Williams posits with great effectiveness that the crap recovery we had from the Great Financial Crisis
created an environment of low demand that slowed investment, hiring and wage growth for at least a decade. Firms have adapted to this environment, and when faced with a sudden spike in demand, do not remember how to quickly add capacity.
That’s secular stagnation right there. And the way to defeat it, Williams says, is to allow wage growth to accelerate in order to sustainably boost demand. Remember back when Henry Ford doubled wages and demand went up? That was way back in 1914 so you probably don’t remember. But you may have heard about this from history books. This is exactly what we’re talking about happening here.
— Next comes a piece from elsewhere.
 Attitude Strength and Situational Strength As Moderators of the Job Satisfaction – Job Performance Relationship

And so, maybe if we ‘let the economy run hot’ as the US Federal Reserve would say, we can get out of the low growth, low investment trap. aka secular stagnation. And that would allow us to grow into valuations and maybe allow for house prices to pause as affordability caught up.
The alternative is pernicious, especially when you look at housing because houses are leveraged investments that are widely owned. Any decline in house prices means credit problems. And that’s the last thing we need since the US has only recently reduced household debt levels.
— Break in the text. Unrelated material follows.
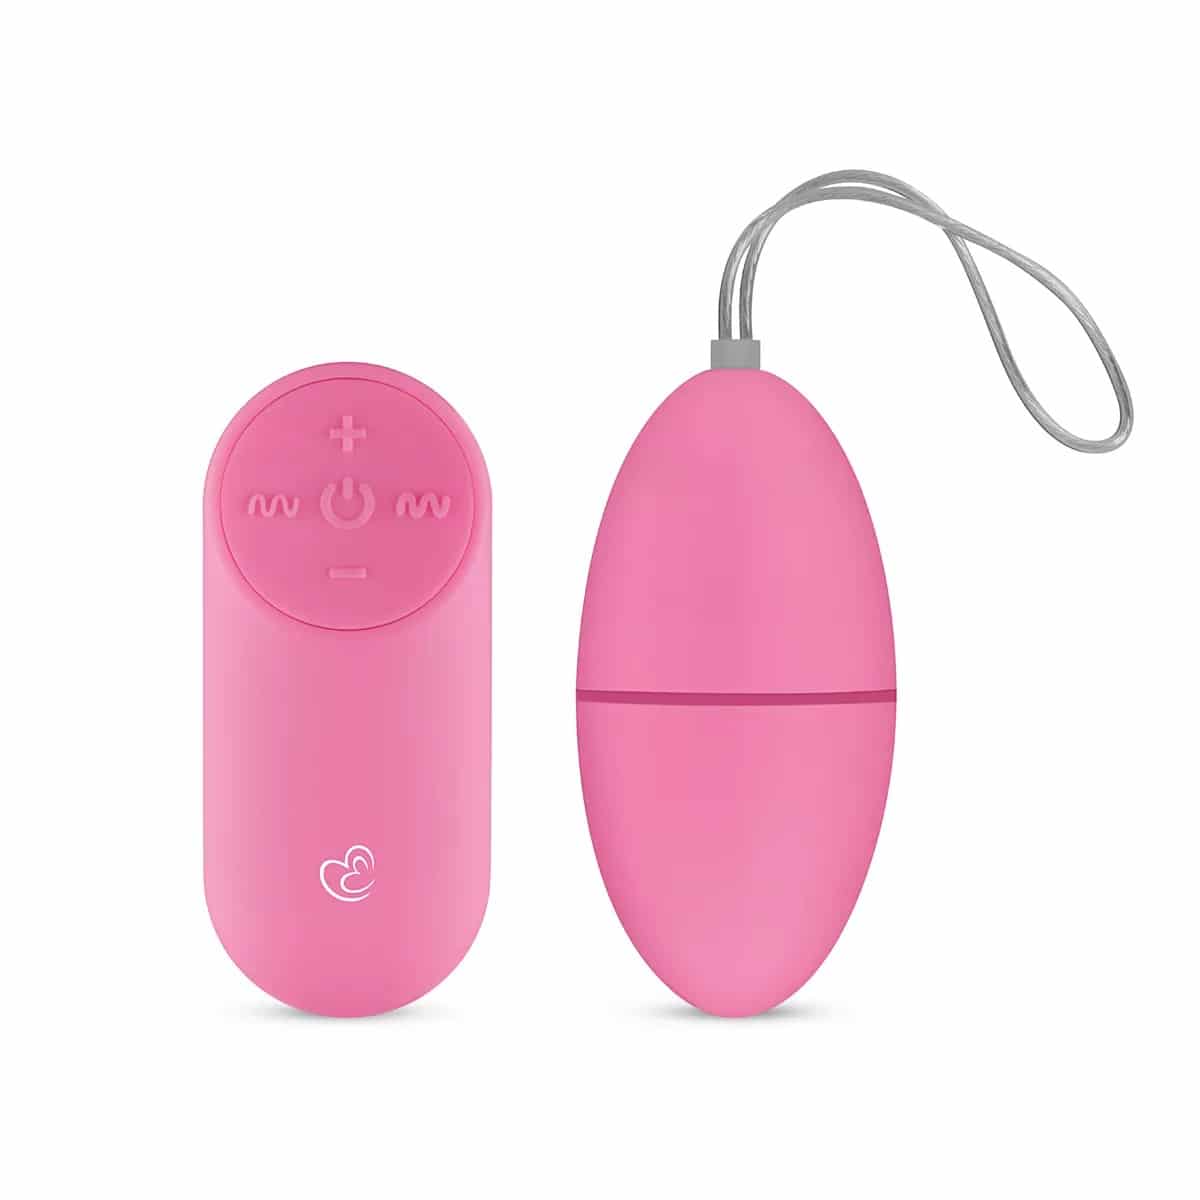 Liebeskugeln mit Vibration - Vibro-Ei in Pink

I am less concerned about stocks declining though that too could be destabilizing. And I am even less concerned about crypto since that space isn’t yet big enough to be destabilizing. Or maybe it is.
In any event, if I had to hazard a guess, I would say between the heady rise in crypto, stock prices and house prices and the overvaluation of US equities, some or all of these markets will correct downward violently. In fact, crypto already has. But because it is smaller, it doesn’t have to lead to a recession. What we want to avoid is the broader market and housing market crashing. And we can best do that by supporting the real economy in a way that promotes both wages and capital investment. The result would be inflation, of course. But I’d prefer that to a market crash and recession… or worse.